→ **EXERCISE PROMPT**
Word for word, retype the lines from the one containing "Immigrants from Morocco" to the one containing "JJ Applique Day" below, keeping both end lines and dropping the pictures.

→ **RECORDED INFORMATION**
------------------------------------------------------------------------
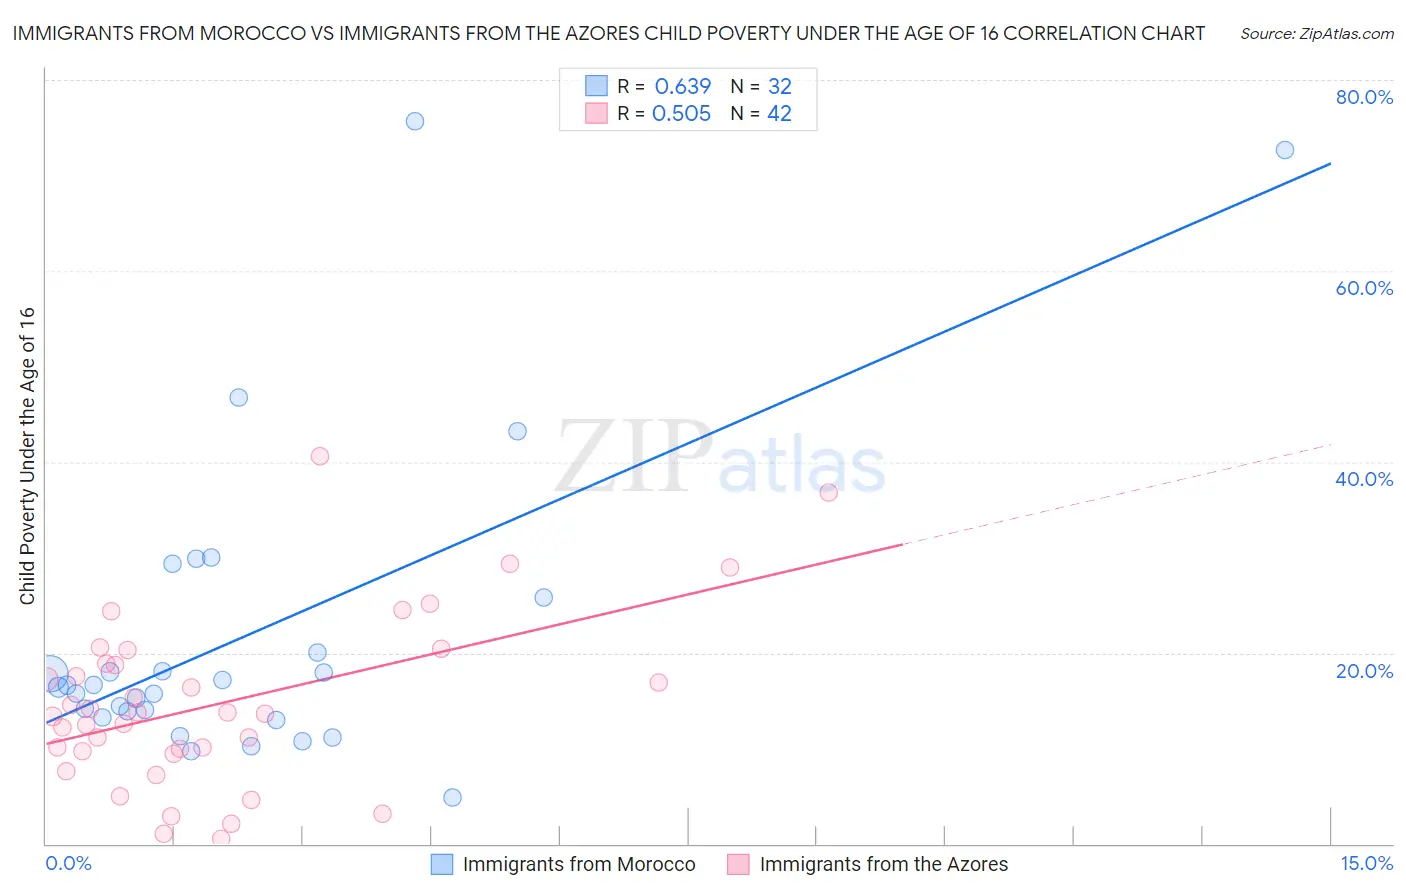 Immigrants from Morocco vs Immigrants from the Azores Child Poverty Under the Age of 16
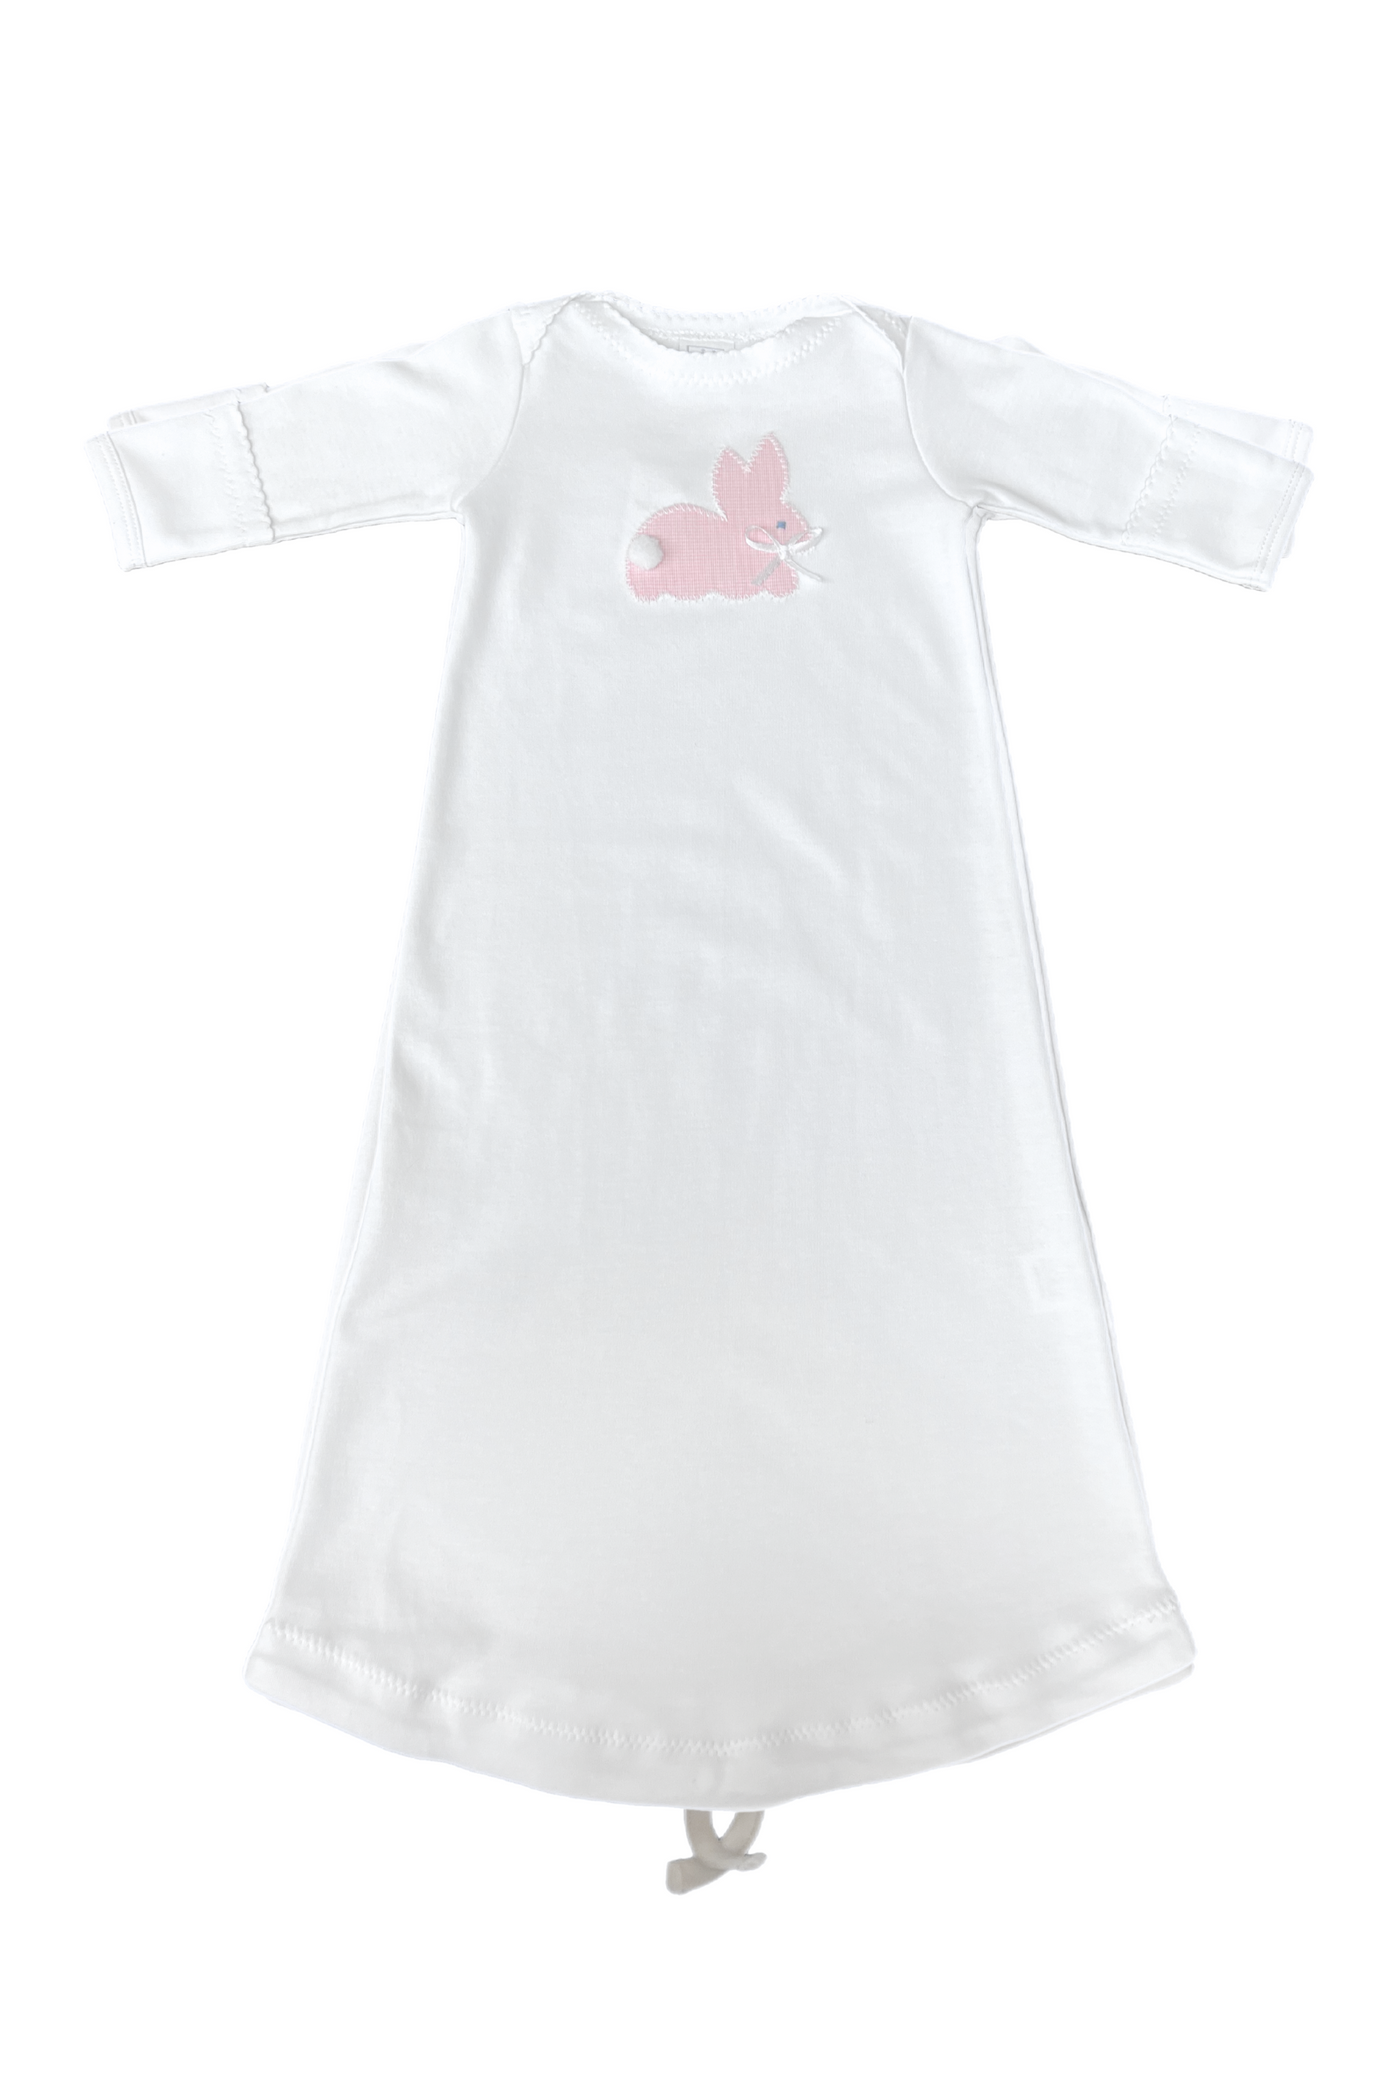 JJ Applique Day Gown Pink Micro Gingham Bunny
------------------------------------------------------------------------
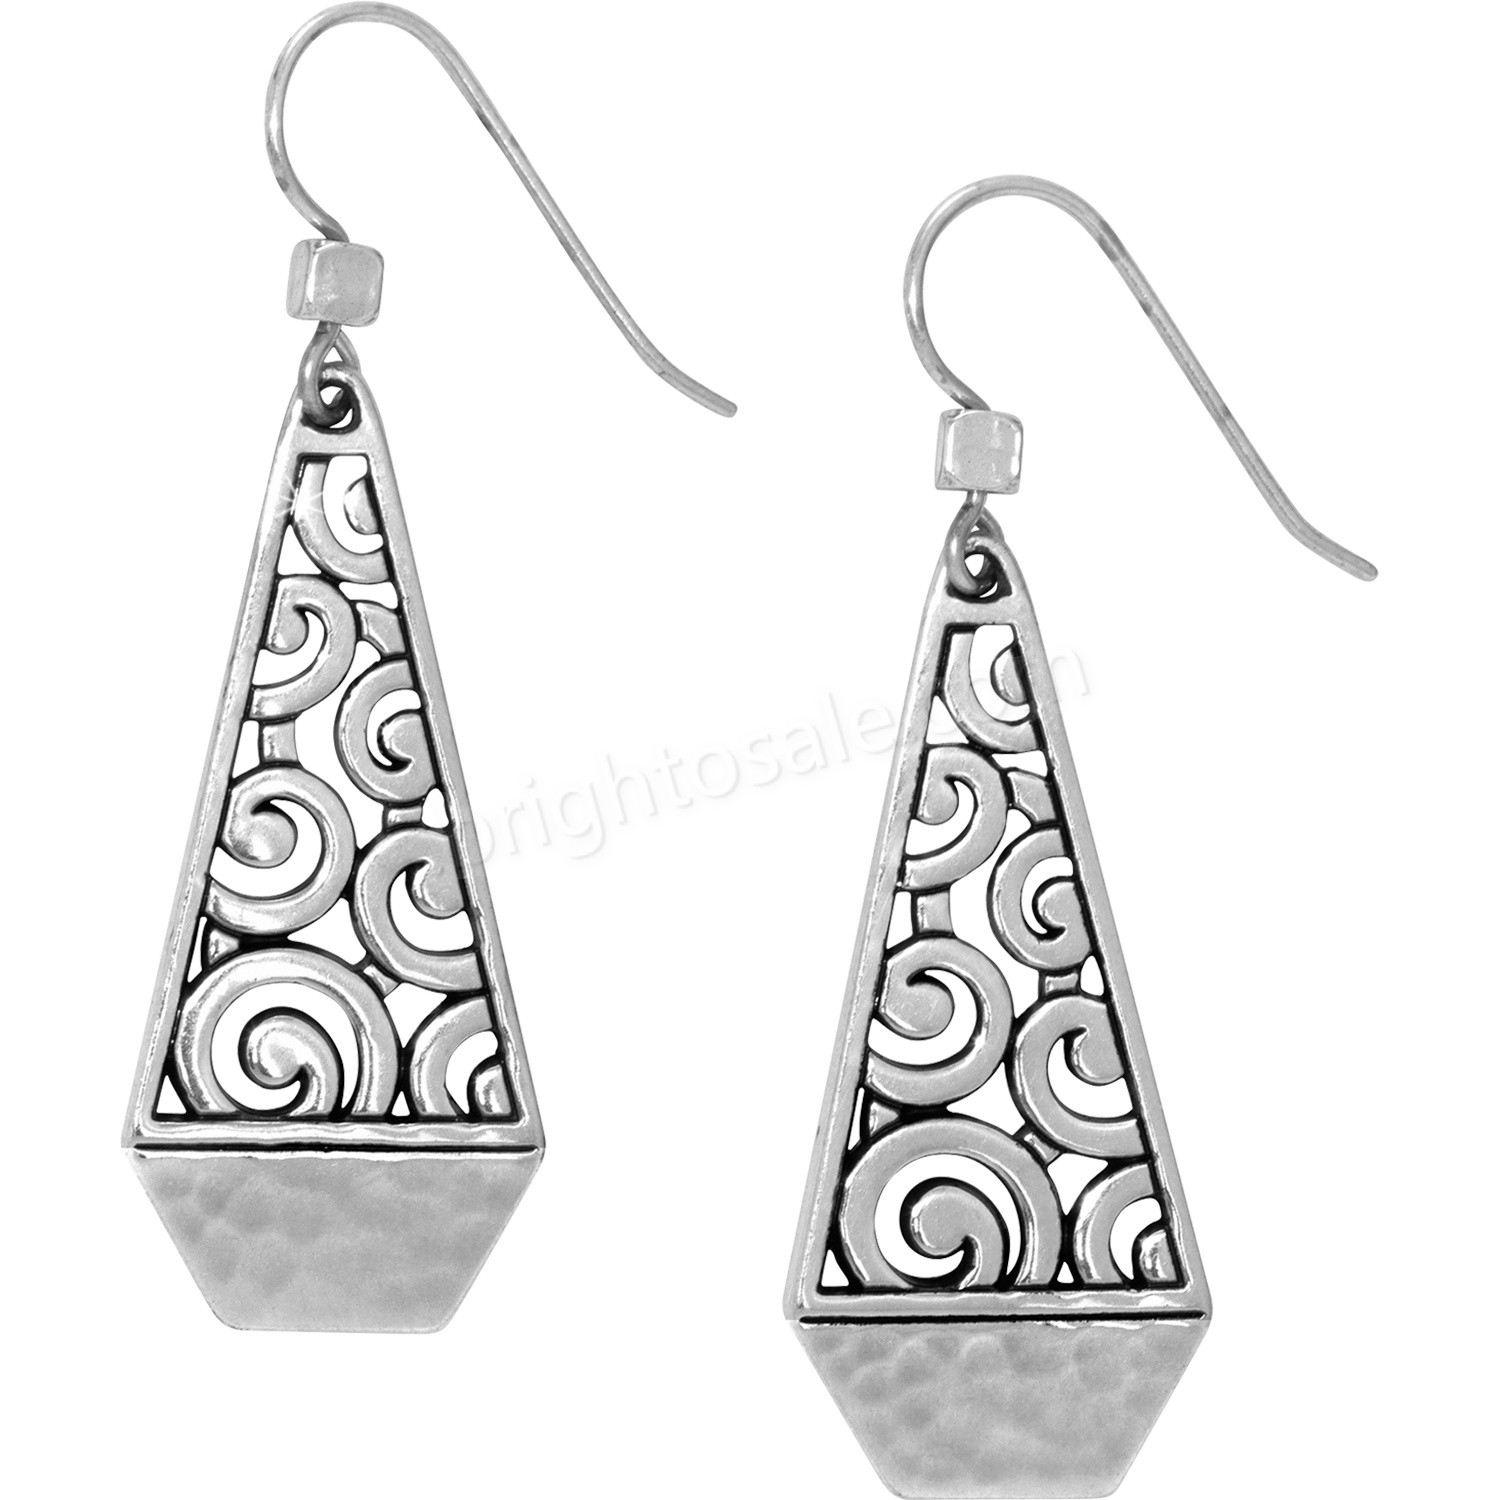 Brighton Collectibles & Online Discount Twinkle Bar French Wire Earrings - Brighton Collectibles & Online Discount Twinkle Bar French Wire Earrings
------------------------------------------------------------------------
→ **SOLUTION TO THIS TASK**
 Immigrants from Morocco vs Immigrants from the Azores Child Poverty Under the Age of 16
 JJ Applique Day Gown Pink Micro Gingham Bunny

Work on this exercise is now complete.